I must disagree with Ed Brayton, who calls it hypocrisy for supporters of Terri Schiavo’s parents to threaten the use of deadly force against people on the other side. Brayton says that Florida Judge George Greer is
getting death threats from those who are allegedly “pro-life.” There is so much irony here on so many levels that it's hard to know where to begin. Pro-lifers threatening to kill people.
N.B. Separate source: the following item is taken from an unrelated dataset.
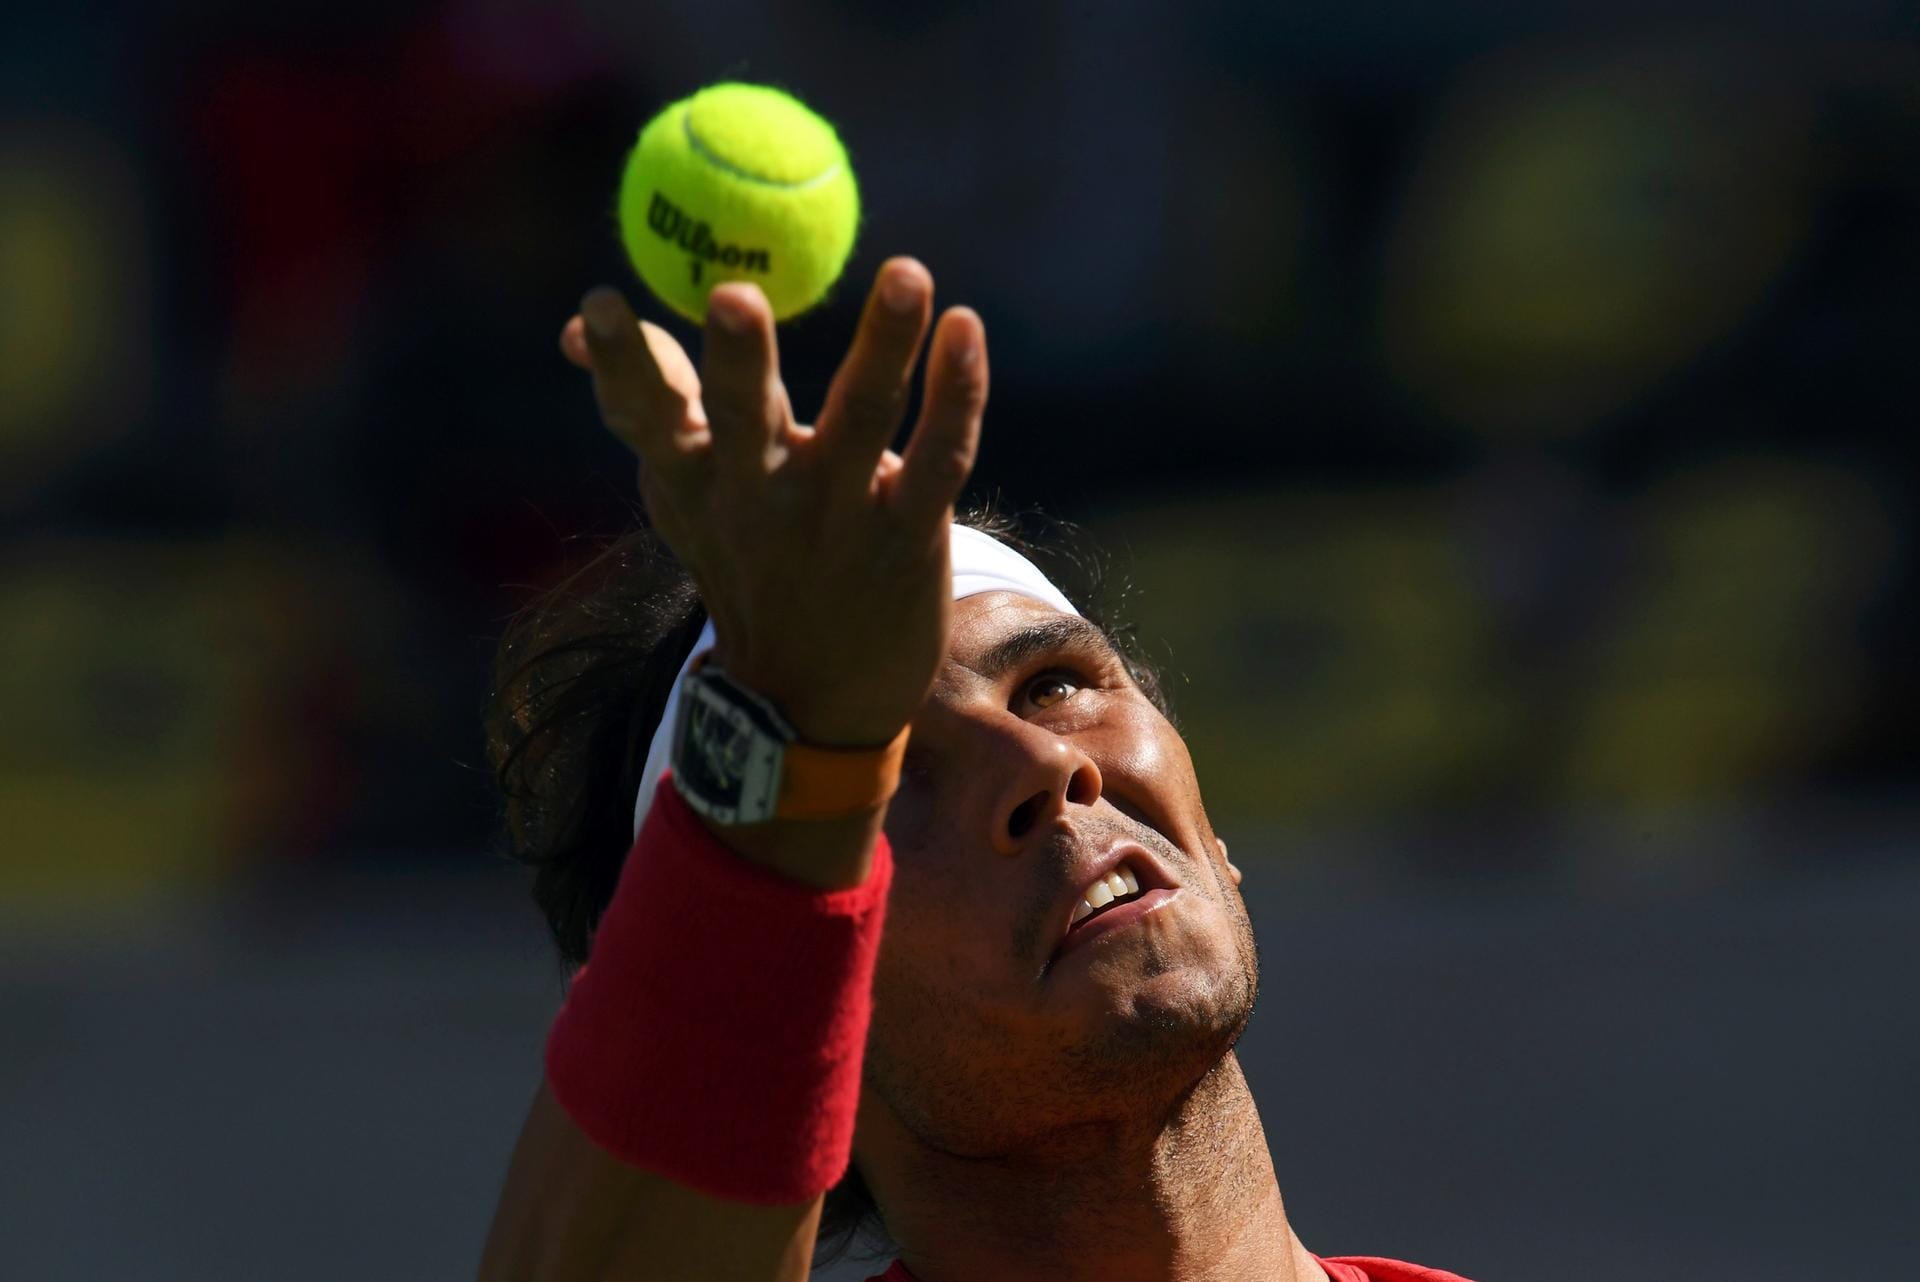 Und was Ma Long beim Tischtennis macht, zeigt der spanische Tennis-Star Rafael Nadal bei seinem Match gegen den Franzosen Gilles Simon. Immer schön das Spielgerät im Auge behalten...

I see nothing ironic here. Assuming for a second that Terri Schiavo is an innocent person being murdered by her husband and government confederates, it is perfectly understandable that bystanders would seek to use deadly force against those who are murdering her. The same goes for abortion-clinic murderers. Assuming that abortion clinics do indeed perform mass murders of innocent beings with a right to life, it would seem to follow that it is perfectly morally justified to use deadly force to stop that from happening—or to punish those who have committed the act. If abortion is murder, then women who have abortions are murderers and deserve the death penalty. I’ve never understood how a person who believes in the moral propriety of the death penalty and who believes that abortion is murder could possibly avoid this conclusion, or could possibly distance himself from the views of those who kill abortion doctors.
Obviously I do not believe that Mr. Schiavo or Judge Greer ought to be killed, because I do not believe that removing the feeding tube from Mrs. Schiavo is murder; and I do not believe that abortion is murder, either. These propositions are based on irrational analyses of the issues involved. That’s where the lack of “concern with truth or consistency” is to be found—not in the conclusion that deadly force is warranted to prevent or punish the loss of innocent life. That conclusion does indeed follow from the (faulty) premises.
Update: Christopher Hitchens on Terri Schiavo:
The end of the brain, or the replacement of the brain by a liquefied and shrunken void, is…if not the absolute end of “life,” the unarguable conclusion of human life. It disqualifies the victim from any further say in human affairs. Tragic, perhaps, unless you believe in a better life to come (as, oddly enough, the parents of this now non-human entity claim that they do).